Korbel Group

Previous and current research

We are an interdisciplinary group that combines experimental and computational approaches for studying the extent, functional impact and mutational origins of genetic variation, with a focus on genomic structural variation (SV). SVs, also known as large (>1kb) copy-number variants (CNVs), translocations, and inversions, are responsible for most genetic variation in the human genome. Recent advances in massively parallel DNA sequencing enable us, for example, to decipher the impact of genetic variation by sequencing and analysing entire genomes. Our group has adopted a systems biology rationale in which computational biology research feeds into the experimental laboratory, and vice versa.
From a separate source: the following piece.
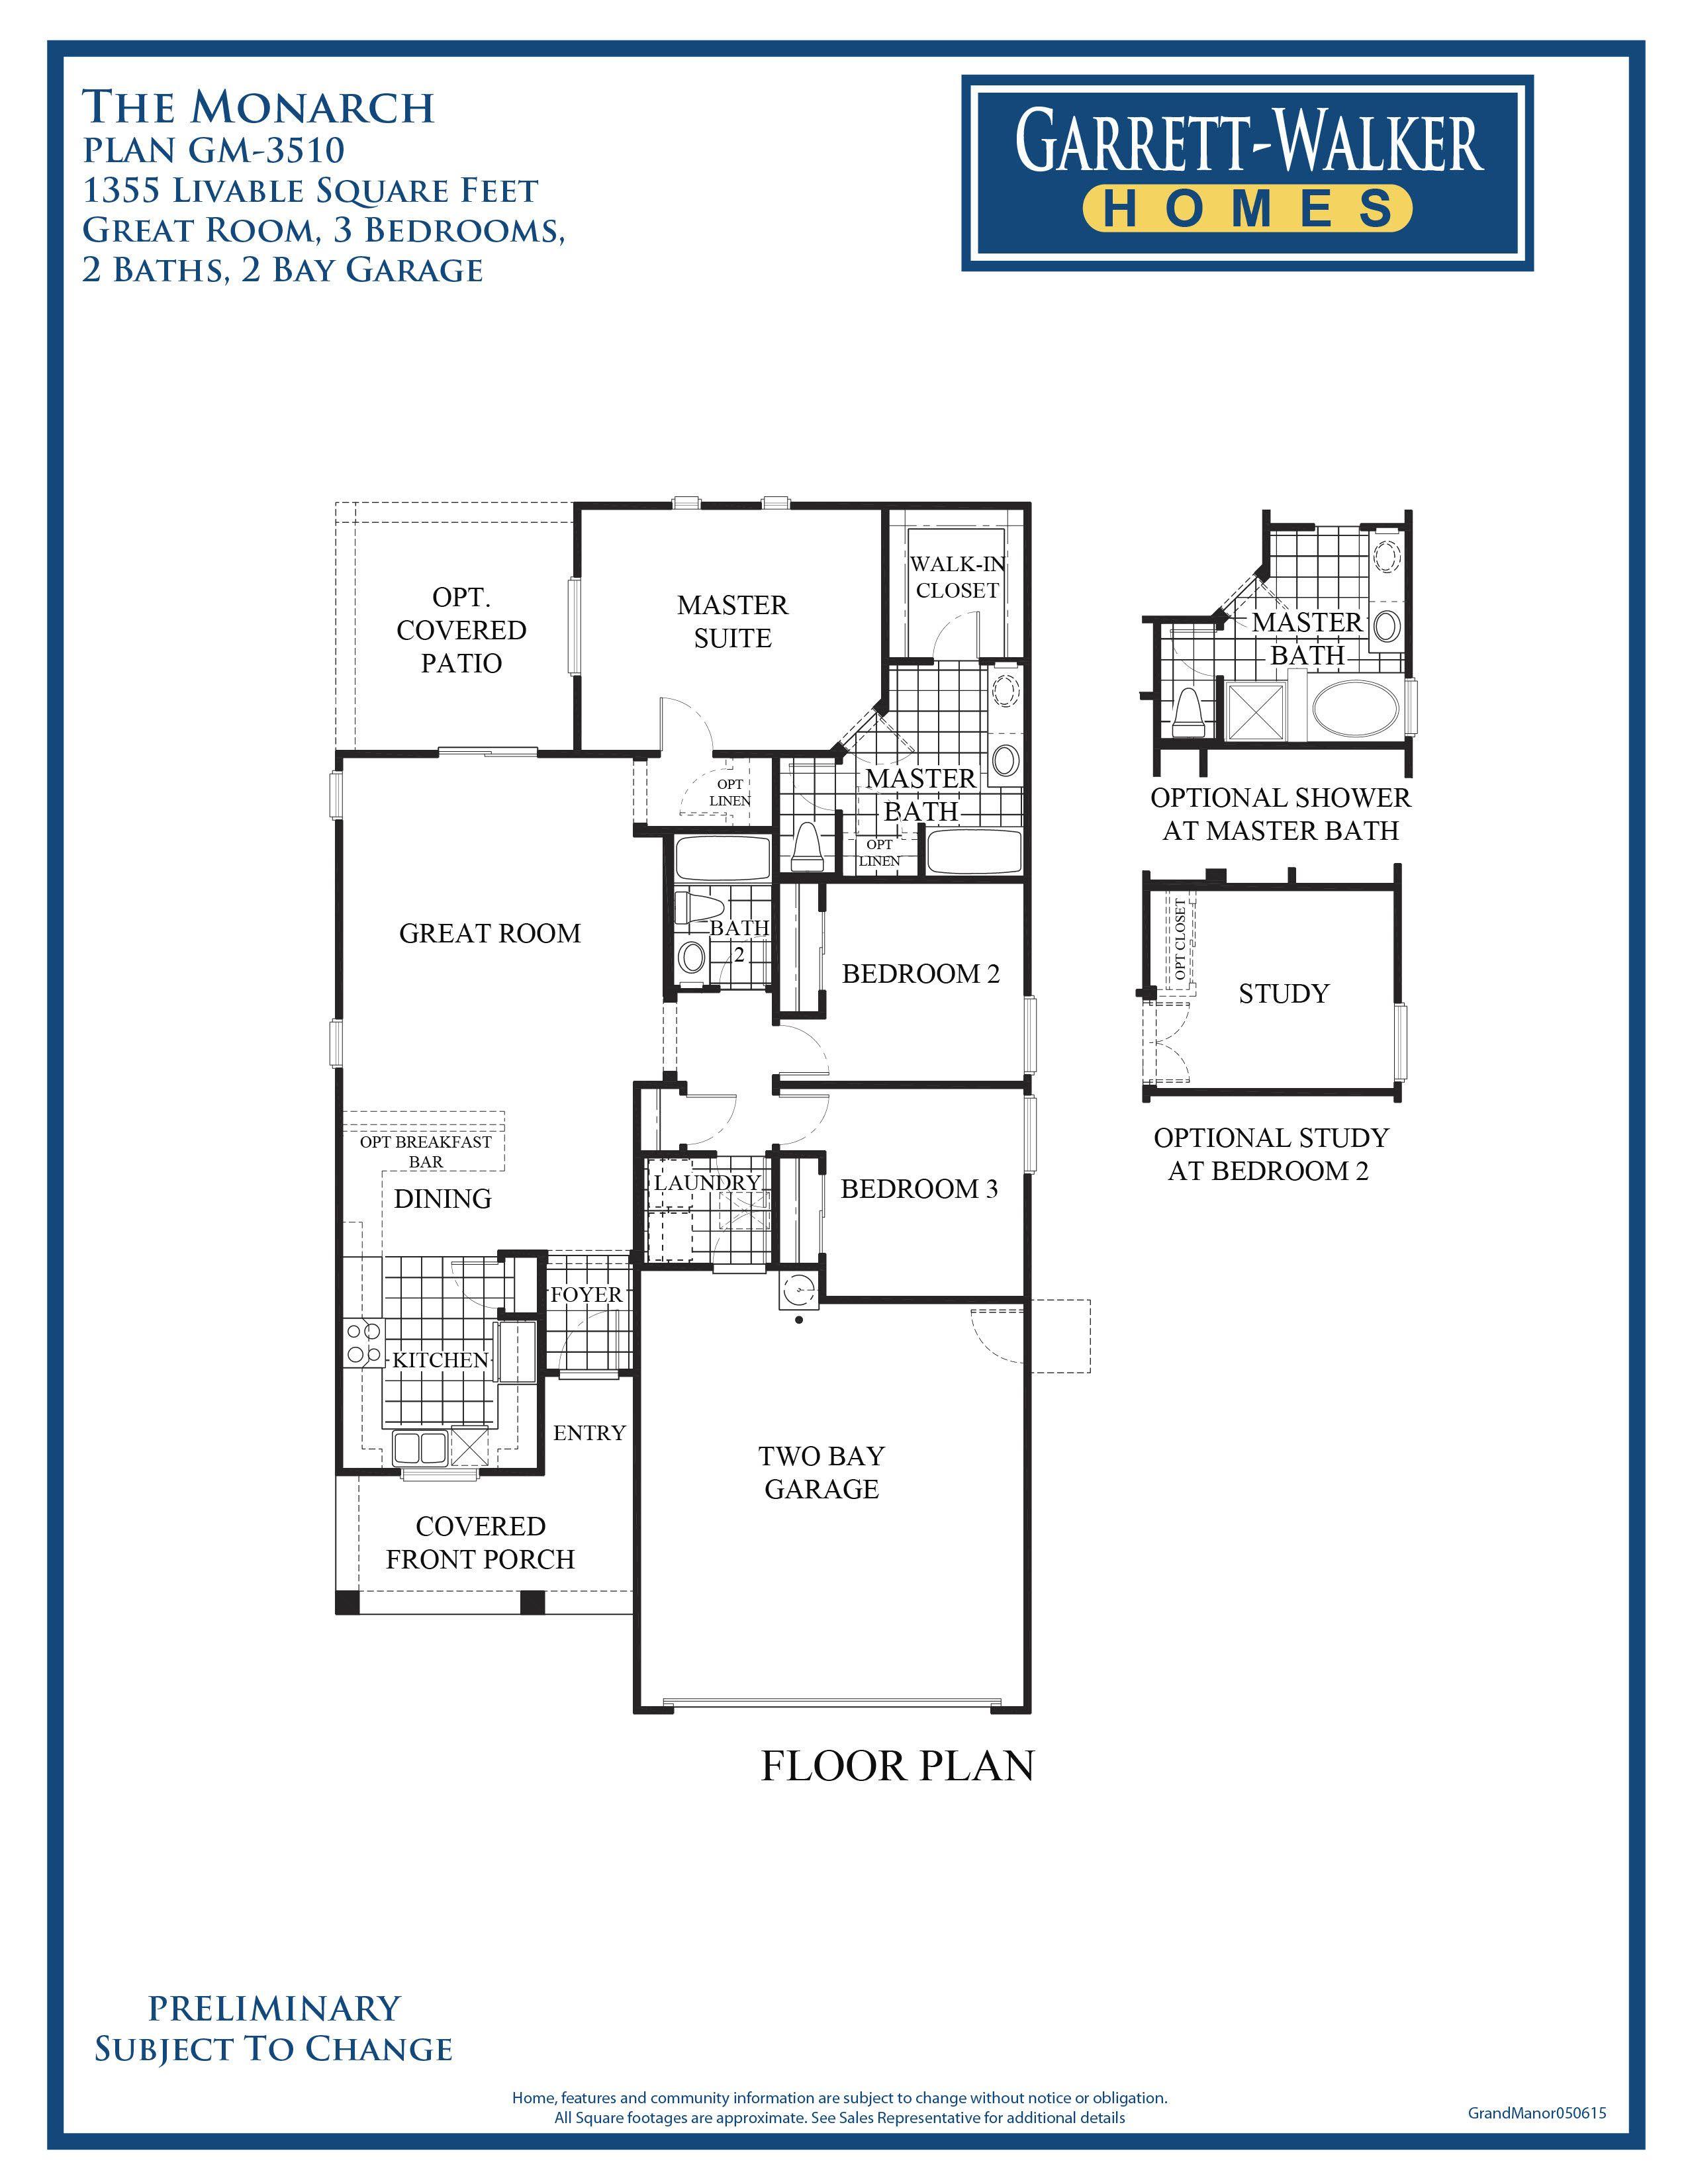 garrett walker homes harmony 21 community this floor plan shows

We recently developed high-resolution and massive paired-end mapping (PEM), an approach involving next generation DNA sequencing of the end-stretches of genomic fragments and the massive alignment of these against a reference genome to globally map SVs. Our lab uses PEM, and recent extensions of the approach such as breakpoint junction-library analysis, to determine the extent of SVs in the genomes of healthy humans as well as in those suffering from cancer. Our central aims involve inferring the evolutionary and functional impact of SVs, and deducing the molecular mechanisms that cause SV-formation in the genome. For example, we recently learned through sequence analysis that the molecular mechanisms causing SV-formation mainly involve transposable elements as well as meiotic and DNA repair-associated recombination (e.g. non-allelic homologous recombination, as well as mechanisms that do not require homology, such as non-homologous end-joining). Our recent findings further involved the discovery of SVs on chromosome 21 as susceptibility factors for congenital heart disease. Furthermore, we are presently examining at genome-wide scale the effects of human genetic variations, particularly SVs, on the regulation of gene expression.

Future projects and goals

The extent to which genomes of healthy individuals differ due to SVs, the impact of SVs on common phenotypes, and the mutational processes underlying SV-formation are presently poorly understood. We hypothesise that SVs commonly lead to phenotypic variation, e.g. by perturbing tightly regulated cellular processes.We will study the formation mechanisms and the functional impact of SVs in the human genome and in model organisms using high-throughput experiments and data-mining.

Furthermore, as members of the 1000 Genomes Project and the International Cancer Genome Consortium (for which we recently have begun carrying out human genome sequencing and datamining in an effort to analyse paediatric tumours), we are continuing the development of approaches for SV mapping and analysis. One goal is to facilitate the analysis and interpretation of personal genome sequencing data. Furthermore, our approaches may in the near future have an impact on personalised medicine, e.g. in helping facilitate the design and interpretation of next-generation sequencing based studies for associating phenotypes with genetic variation.